In addition, we used NOVA, a dataset of English text from the 2010 active learning challenge , as the benchmark for this study. NOVA comes from the 20-Newsgroup dataset , which is a popular benchmark dataset for experiments in text applications of machine learning techniques, such as text classification and text clustering. Each text to be classified comes from an email that was posted to one or several newsgroups. The NOVA data are selected from both politics and religion, topics considered as positive and negative class, respectively. The feature set of data is in binary representation using a bag-of-words with a vocabulary of approximately 17,000 words.
Table 1 shows the comparison of the properties of the two datasets. They were both annotated with binary labels. All features for both datasets were binary only. Both datasets were very sparse (sparsity is equal to the ratio between the number of cells with value zero and the total number cells in the data matrix), but the class distribution also was different for two datasets. Additionally, the ASSERTION dataset contained information at the sentence level, while the NOVA dataset was at the document level. The ASSERTION dataset is probably more difficult to classify because it has much higher number of features than NOVA.
To set up a pool-based active learning framework, a pool of unlabeled samples and an independent test set were initialized. The variability in performance could have been high if many different partitions in the data were created for generating the unlabeled pool and test set. To fully use both datasets and generate reliable results, 3-fold stratified cross validation was performed on active learning. On each of the cross validation iterations, the pool of unlabeled samples was from two folds and the evaluation of performance was based on the remaining fold. The validation results were averaged over three iterations.
To mainly focus on improving the querying algorithm, the same classifier with the same parameter was used on each run of classification (training and testing). In our preliminary experiments for selecting the best classifier and parameter, the linear Logistic Regression classifier outperformed linear SVM and Naive Bayesian classifiers in 3-fold cross validation for all samples in both the ASSERTION and NOVA datasets. Therefore, the Logistic Regression model implemented in the package “Liblinear”  was used. It can output the posterior probability as the prediction value. This output would be used as the input for most querying algorithms.
Based on the protocol of active learning described in Section 2, the global performance (learning curve) is influenced by many factors during the active learning process, such as initial performance (the classification performance based on the initial training set), the batch size, the stop criteria, the querying algorithm, etc. However, we designed the active learning experiment so that the querying algorithm would be the most influential factor. We fixed the initial and the final performance points in the learning curve as well as the batch size for each querying algorithm as follows.
We randomly selected three positive samples and three negative samples as the initial training set. In each iteration of the cross validation, all experiments with different querying algorithms would use the same initial training set and, therefore, have the same initial point in the learning curve.
According to the stop criteria, the active learning process stopped when the entire pool of unlabeled samples was queried or U was empty. In each iteration of the cross validation, all experiments with different querying algorithms would have the same final point in the learning curve.
For batch size selection, we used 2i+2 training samples with labels where i is the index of iteration in the active learning process up to the total number of training samples. For example, the size of labeled training set L on each iteration would be 8, 16, 32, 64, 128,…, 4096, …, and the maximum number.
The querying algorithm is the function to assess how informative each instance x is in unlabeled pool U. x* is selected as the most informative sample according to the function x*=argmaxQ(x), where Q(x) is the querying function that outputs the informativeness or querying value (Q value) for data matrix x in U.

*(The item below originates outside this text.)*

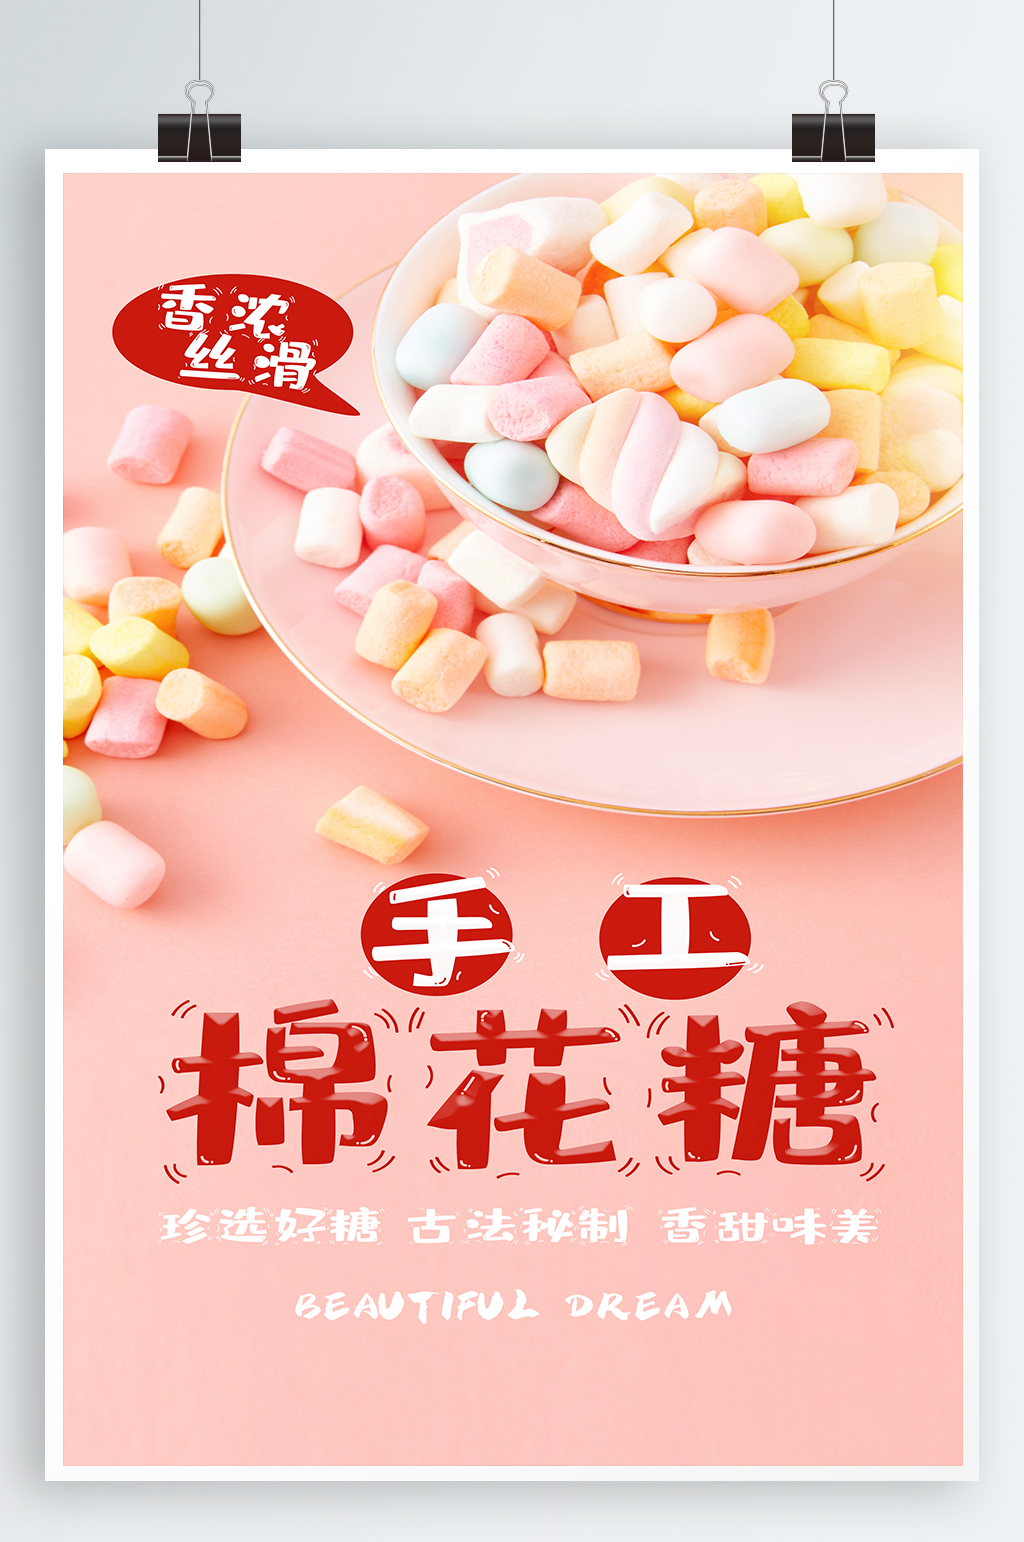 棉花糖美食海报素材免费下载,本作品是由紫妍上传的原创平面广告素材
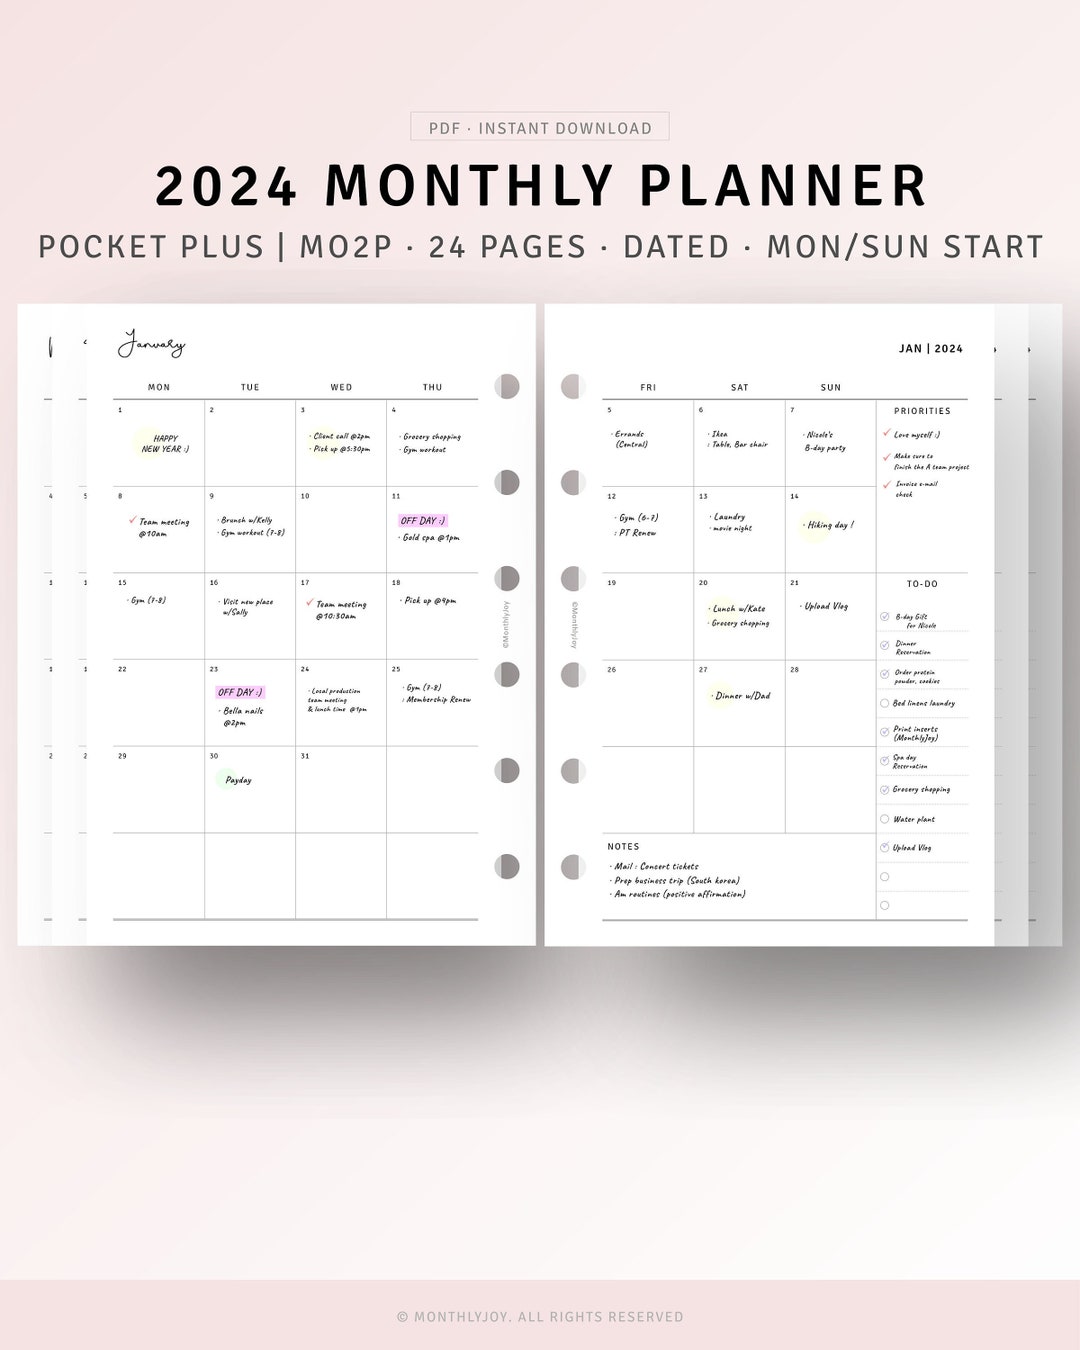 Agenda de poche mensuel 2024-2028: Planificateur mensuel 5 ans 60 mois, 1  mois sur 2 pages | Calendrier du 1er janvier 2024 au 31 décembre 2028

Uncertainty sampling queries the sample with the least certainty or on the decision boundary. The simplest uncertainty sampling algorithm is called Least Confidence (LC), which is straightforward for the probabilistic models:
where y* is the most likely label sequence for x. θ is the model that generates the posterior probability P of label y given data matrix x. In the binary classification case, LC is equivalent to querying the instance with the highest Q value (or uncertainty value) that is nearest the 0.5 posterior probability of being in the positive or negative class. In the case of the ASSERTION dataset, if the concept term was classified as “present” with the probability closer to 0.5 versus “non-present,” the term was more likely to be selected for annotation in the next iteration of active learning.
During the active learning process, the class distribution of the training set could become imbalanced (with more positive/negative than negative/positive samples). At this point, we assume that the sample in the minority class is more informative. Moreover, we would like to balance the training set as much as possible in the early iteration of active learning because the classifier would tend to ignore the minority class, resulting in a poor prediction model, especially with a small number of labeled training samples. Therefore, we implemented another uncertainty sampling algorithm called Least Confidence with Bias (LCB) , which considers both the uncertainty value from the current prediction model and the proportion of class labels in the training set. LCB is more likely to query the instances around the decision boundary and compensates for class imbalance.
Let pp be the percentage of positive labels in the current training set. We defined Pmax as the posterior probability that gives the highest Q value in LCB function QLCB(x):
Where Pmax = mean(0.5, 1−pp) where Pmax = 0.5 or pp = 0.5, it is equivalent to LC.
Both LC and LCB methods depend on the quality of the prediction model because both algorithms control the sample selection based on the posterior probability output from the model. When the model is poor, it propagates the negative effect to the querying algorithm. LCB could bias the Q value so that the model can converge more quickly to a good one by balancing the training set in the early stage of active learning. However, when the model improves, the bias could increase too much. So we also proposed another modified version of uncertainty sampling called Least Confidence with Dynamic Bias (LCB2). which also considers the size of the current training set. Note that the model is likely to be more reliable when the classification model is trained by a larger set of samples. For the binary classification problem, we have more confidence that the highest Q value is at the point closer to the posterior probability of 0.5 when more labeled training samples are used. QLCB2(x) is the same as QLCB(x) except for Pmax:
where wb is the weight of bias and wu is the weight of uncertainty, and wb = 1−wu, where wu is the ratio of L, the size of the current labeled set, and U0, the size of initial unlabeled pool: wu = L/U0. When wu = 0, it is equivalent to LCB; when wu = 1, it is equivalent to LC.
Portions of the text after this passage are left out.